▶ **What you have to do**
Only the lines in the entries below from the line with "Draper_logo" to the line with "Screenshot 1 of Paw skye puppy adventure 1.0", both included, belong in the answer, transcribed exactly and without pictures.

▶ **Available data**
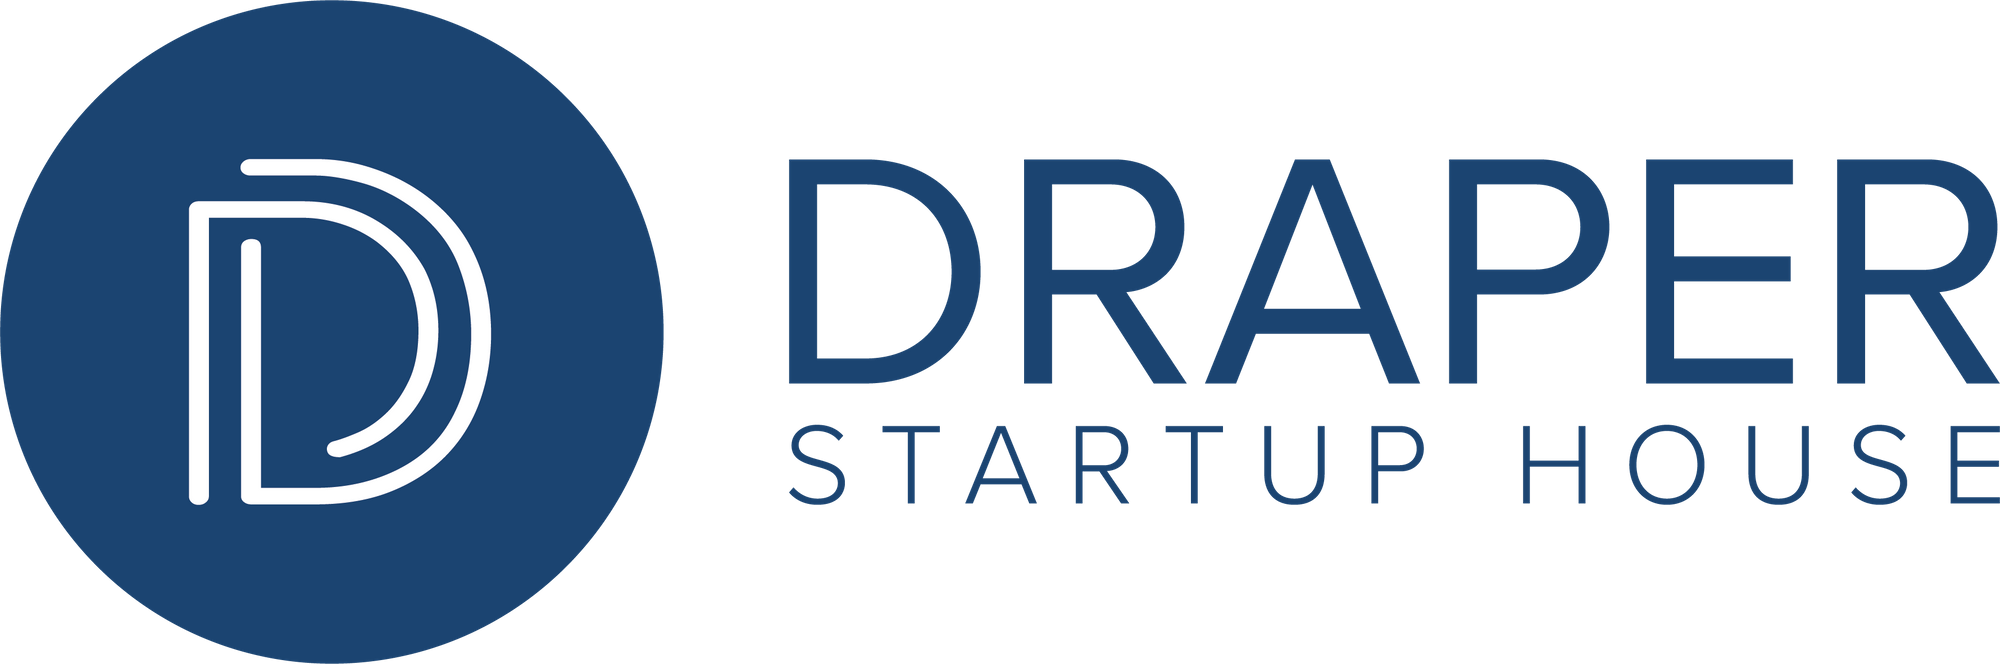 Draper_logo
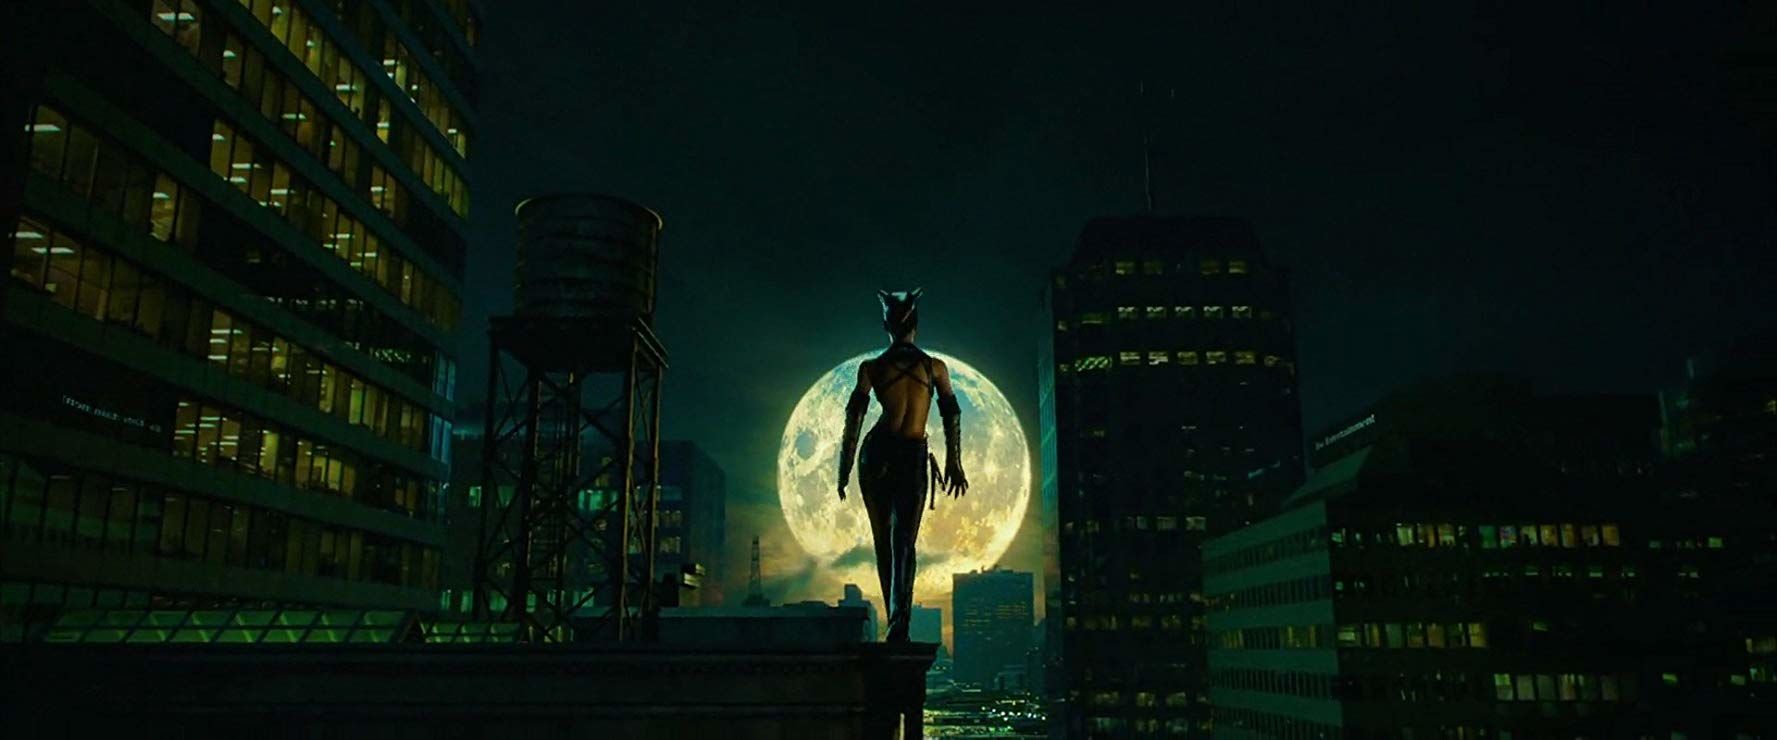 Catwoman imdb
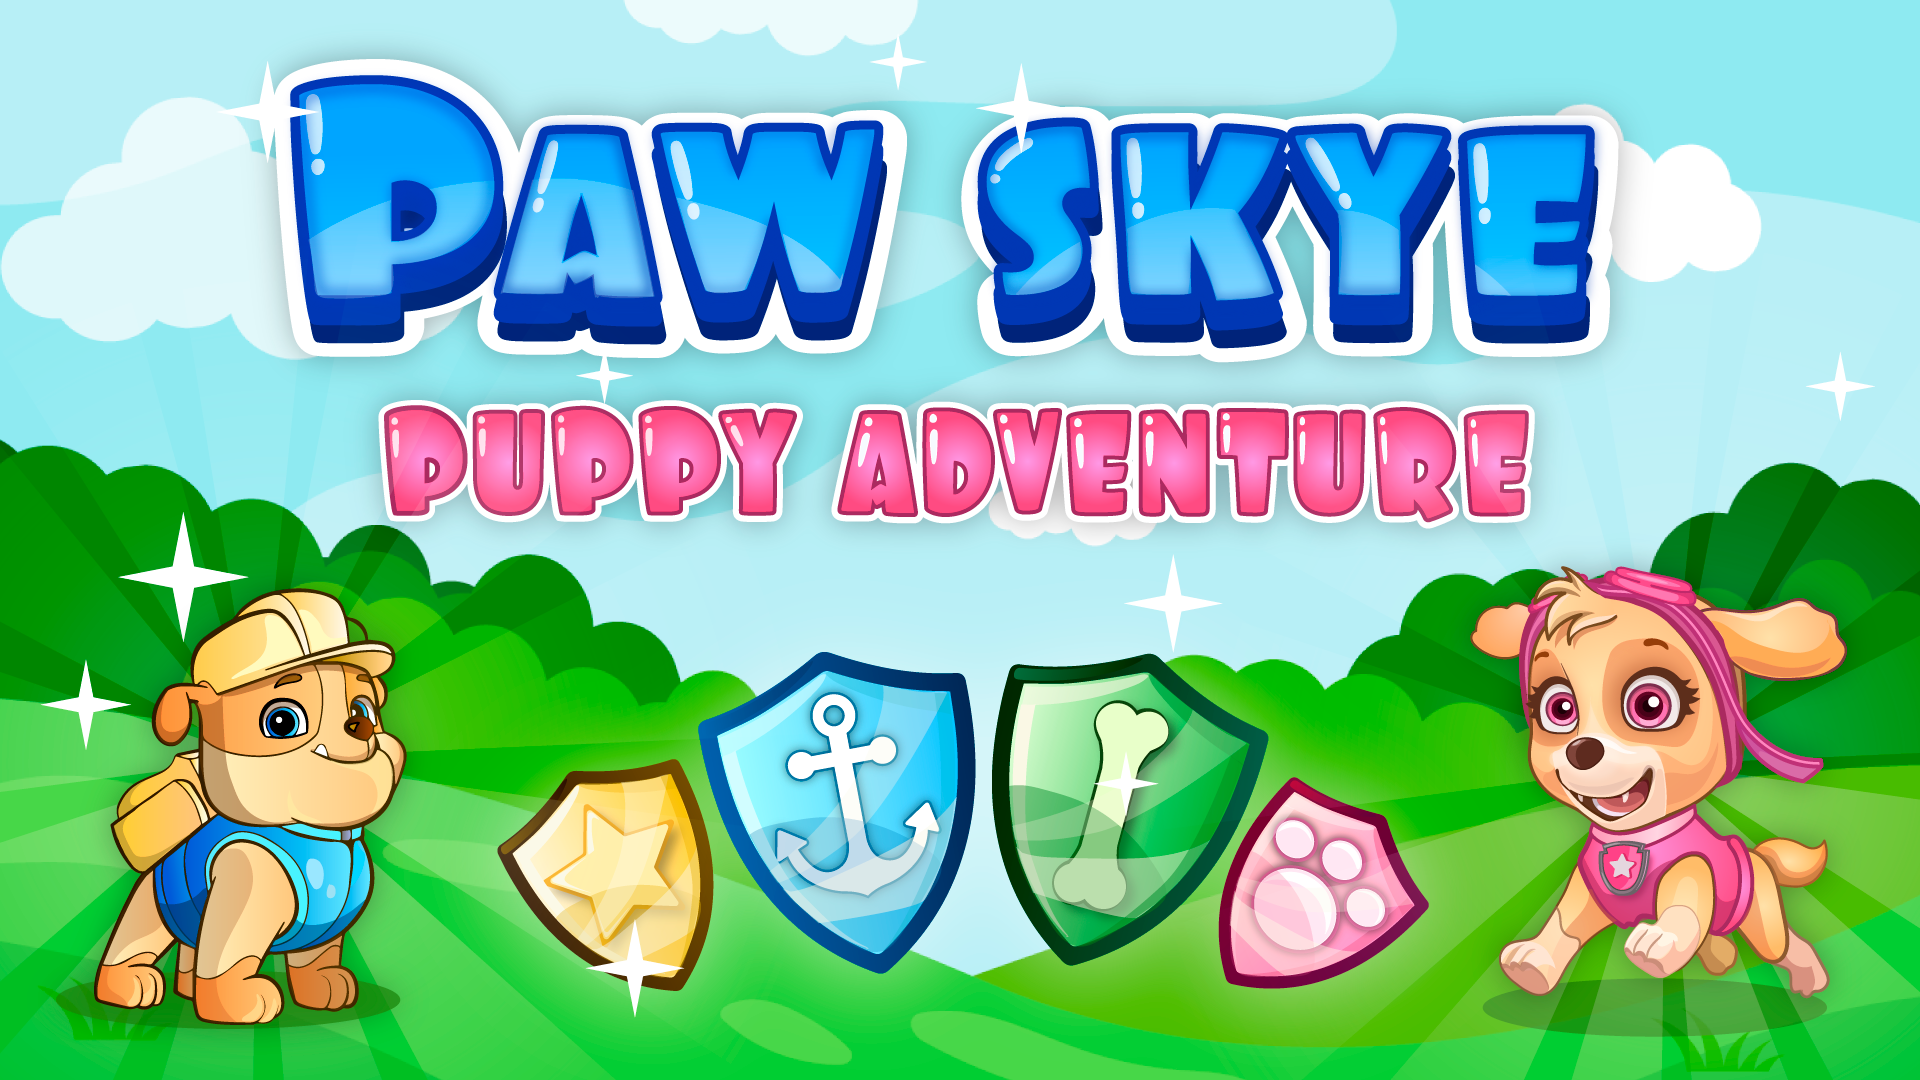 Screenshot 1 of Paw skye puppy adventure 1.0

* * *

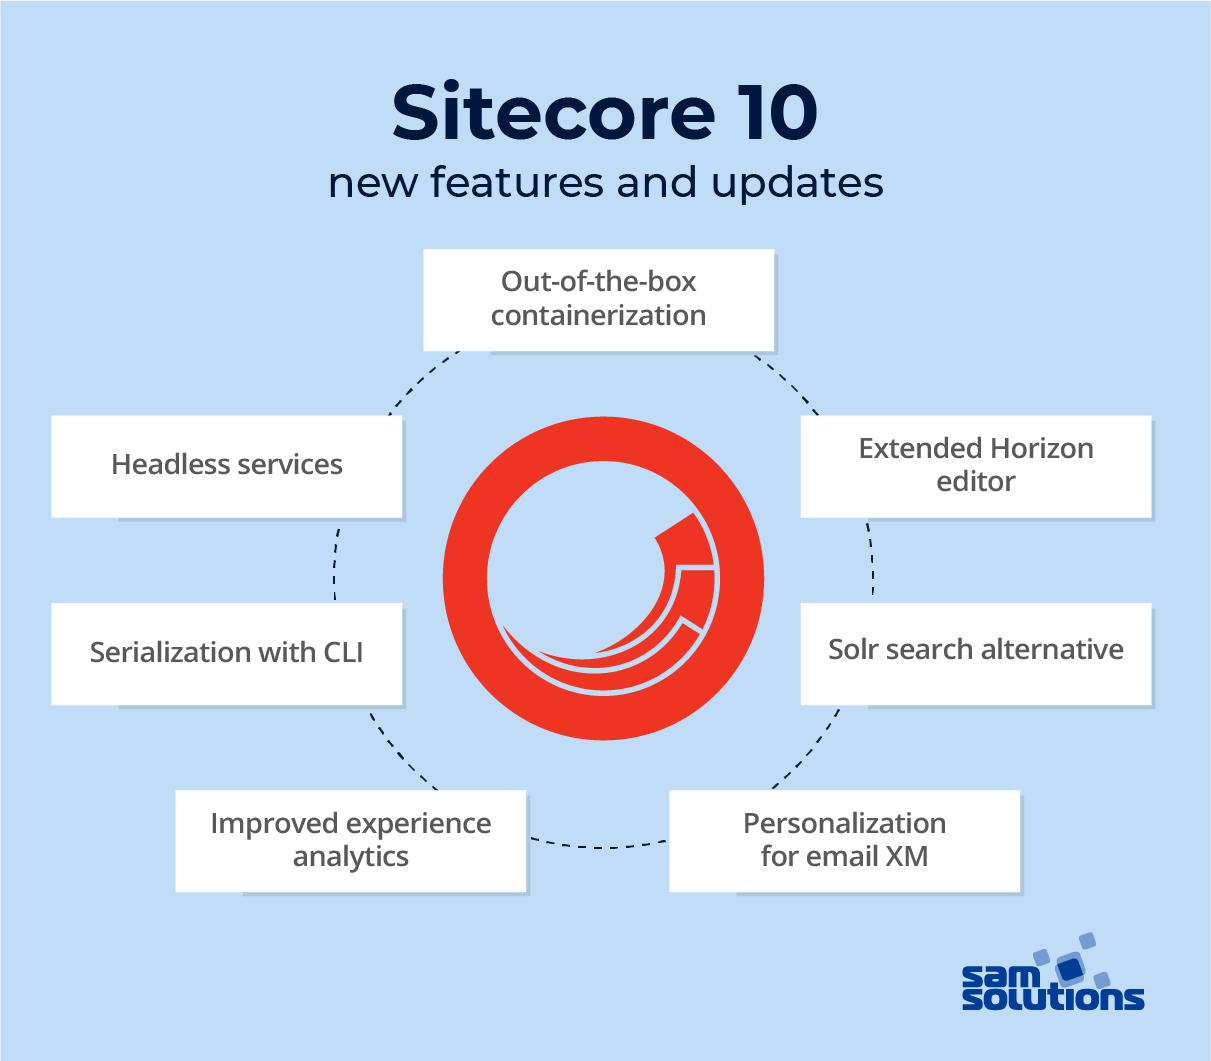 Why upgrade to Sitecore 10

▶ **Solution**
 Draper_logo
 Catwoman imdb
 Screenshot 1 of Paw skye puppy adventure 1.0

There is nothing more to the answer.